If that happened, then the dollar would indeed lose the commanding position it now holds; it’s hard to imagine a policy less likely to make America great again, and essentially amounts to quack economics.

As it happens, Trump already seems to be getting his way on a weaker dollar, and that’s without even trying. Conventional economics would suggest that if you raise tariffs significantly, the dollar would appreciate to compensate, negating at least part of the impact of tariffs on prices.

In the event, it’s actually gone the other way, depreciating by nearly 10 per cent on a trade-weighted basis since it first became apparent that Trump was deadly serious about tariffs.

A weaker dollar furthers Trump’s protectionist goals by making imports more expensive and exports cheaper.

A weaker dollar furthers Trump’s protectionist goals by making imports more expensive and exports cheaper.Credit: Bloomberg

Growing policy uncertainty, including precisely where the president stands on the strong dollar policy, is a large part of the explanation.

There has been a significant rotation out of dollar assets among international investors, which no doubt has further to run if inflationary monetary policy is pursued.

White House attacks on the integrity of the Fed – and the data, whenever they show the economy in a poor light – have further fuelled the loss of confidence.

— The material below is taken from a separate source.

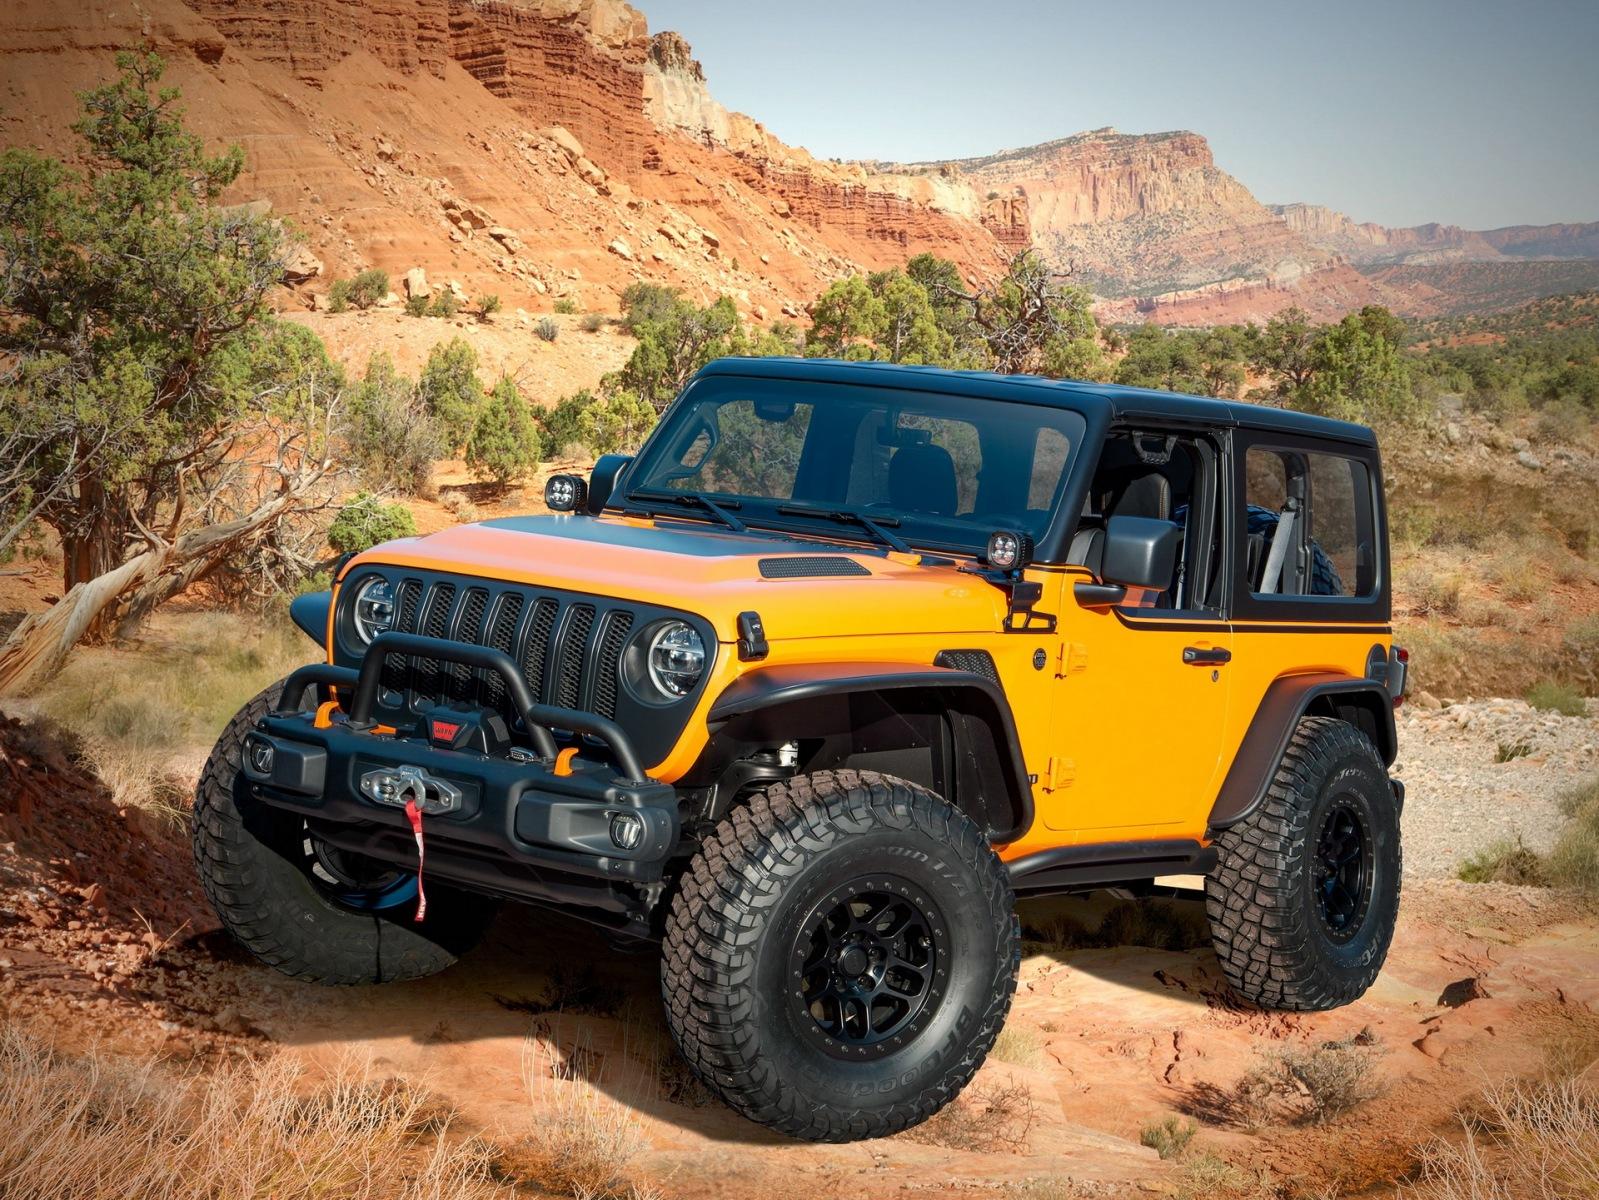 Jeep Wrangler Concept - Easter Jeep Safari 2021
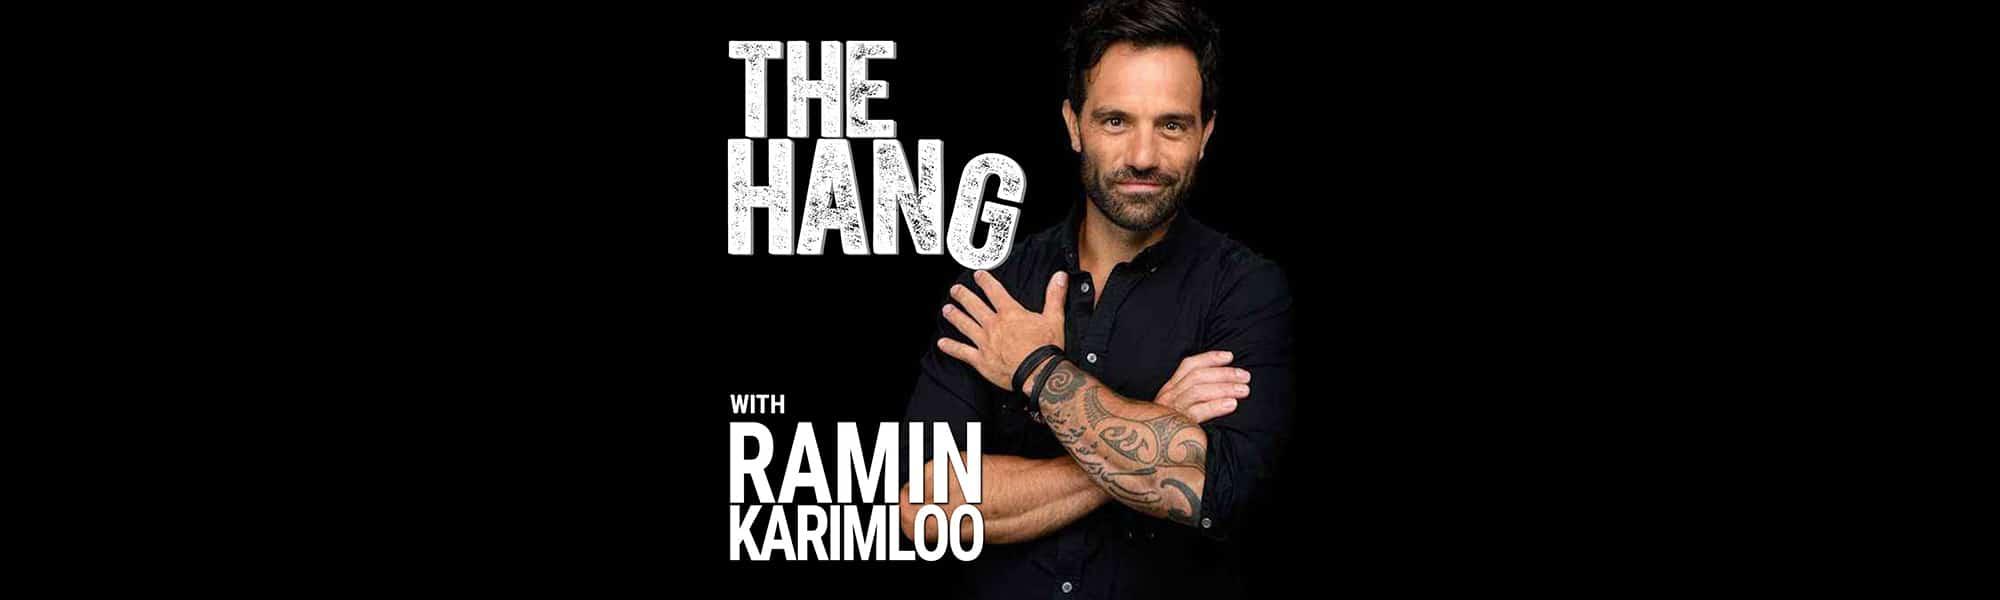 The Hang with Ramin Karimloo banner

A withholding tax on US Treasuries might well turn this into a rout.

US policymakers are nonetheless confident that they can preserve and even enhance the dollar’s core position in the world’s financial system while at the same time inducing a more competitive exchange rate.

As on most other aspects of Trump’s economic agenda, the president’s “vision” for the dollar is a mass of contradictions and apparently incompatible goals.

Their big hope rests on stablecoins, privately issued digital tokens which are already beginning to make inroads into global payments.

These use distributed ledger and blockchain technologies to make payments faster and cheaper than current systems.

Backed dollar-for-dollar by US Treasuries, central bank reserves and other supposedly risk-free assets, stablecoins are promoted by the Trump administration as a market-led way of defending and further promoting the internationalisation of the dollar.

They also potentially provide a major alternative source of demand for US Treasuries.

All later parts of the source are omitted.